I like the idea of settling the pulp and now fermenting your frozen supernatant. 
Basically from a process point of view get as much fine material removed early in the process as possible. Once you have created alcohol you should keep the air out which makes the task harder., , , by the way, the juice in most wine kits is cleaned with bentonite before being concentrated and packaged as a kit. ,, You didn’t mention trying to compact the lees, it would be worth putting the lees in a jug and trying a clarifier whenever you see a high loss in the lees.


----------



## TCPT18 (Jan 31, 2022)

My experience in tomatoe was using unripened green matos at the end of the growing season. Had 20# of green grape tomatoes. I believe I made 3#. The end result was an interesting white wine. I feel it is likened to a vino verde. 
As to why tomato wine? 1. The fruit would go to waste so why not try. 2. It is fun to challenge tasters to figure out what kind of wine they are having (no winners yet...) 3. Its always fun to try something new.


----------



## VinesnBines (Jan 31, 2022)

I would not buy tomatoes to make wine.
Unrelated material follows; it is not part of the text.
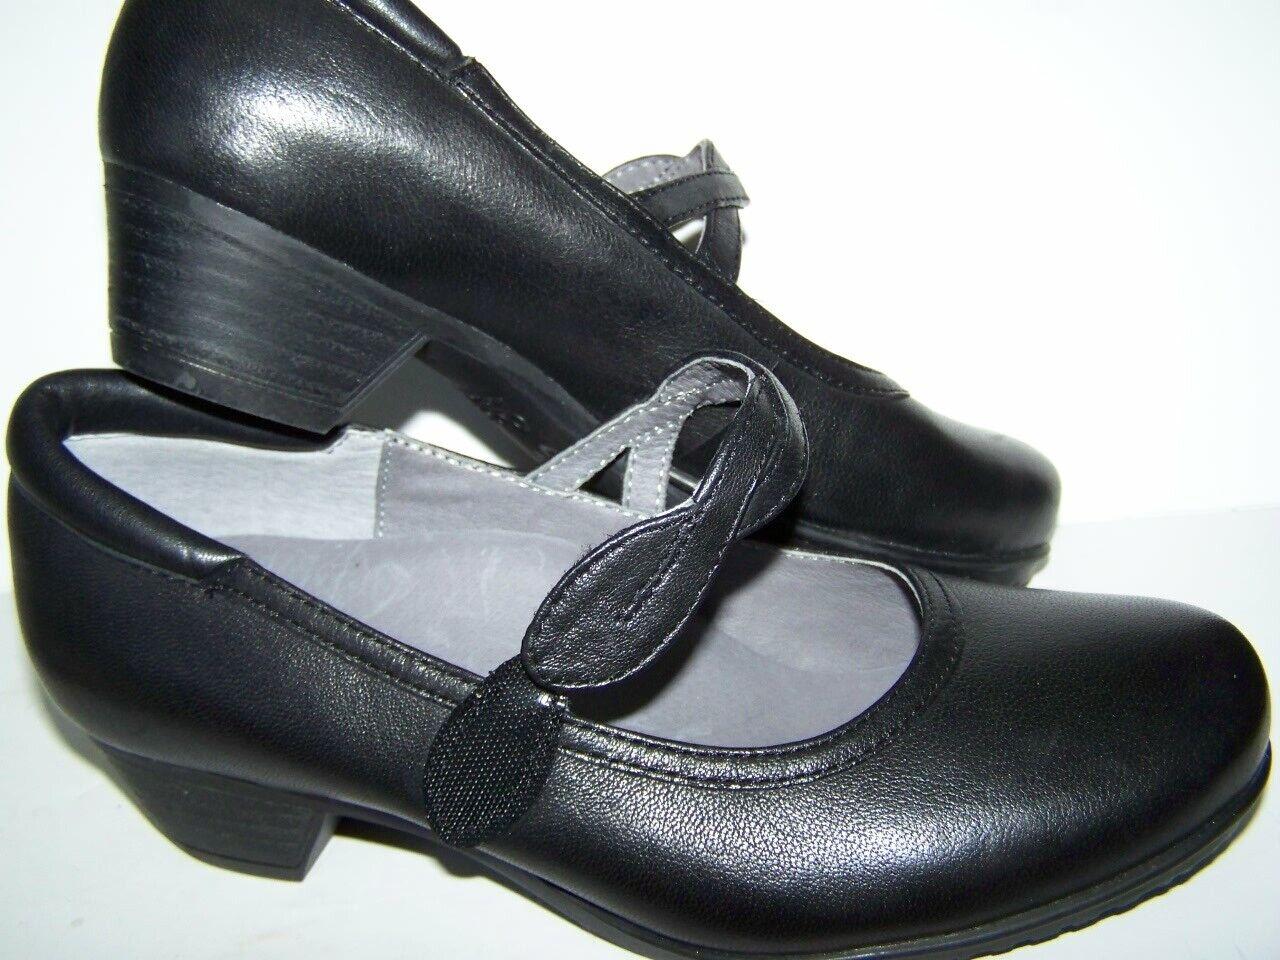 SALE New ABEO MARISOL Black Mary Jane Orthotic Shoes Women's 5N narrow wVelcro

It is an interesting way to use up the garden excess and empty the freezer.


----------



## HillPeople (Nov 13, 2022)

We use ripe to over-ripe cherry tomatoes fermented like red grapes with K1-V1116. till dry.
Slight hint of tomato, but most people think it's a Sauvignon Blanc.


----------



## vinny (Nov 13, 2022)

How long do you age?


----------



## HillPeople (Nov 14, 2022)

Minimum 9 months.


----------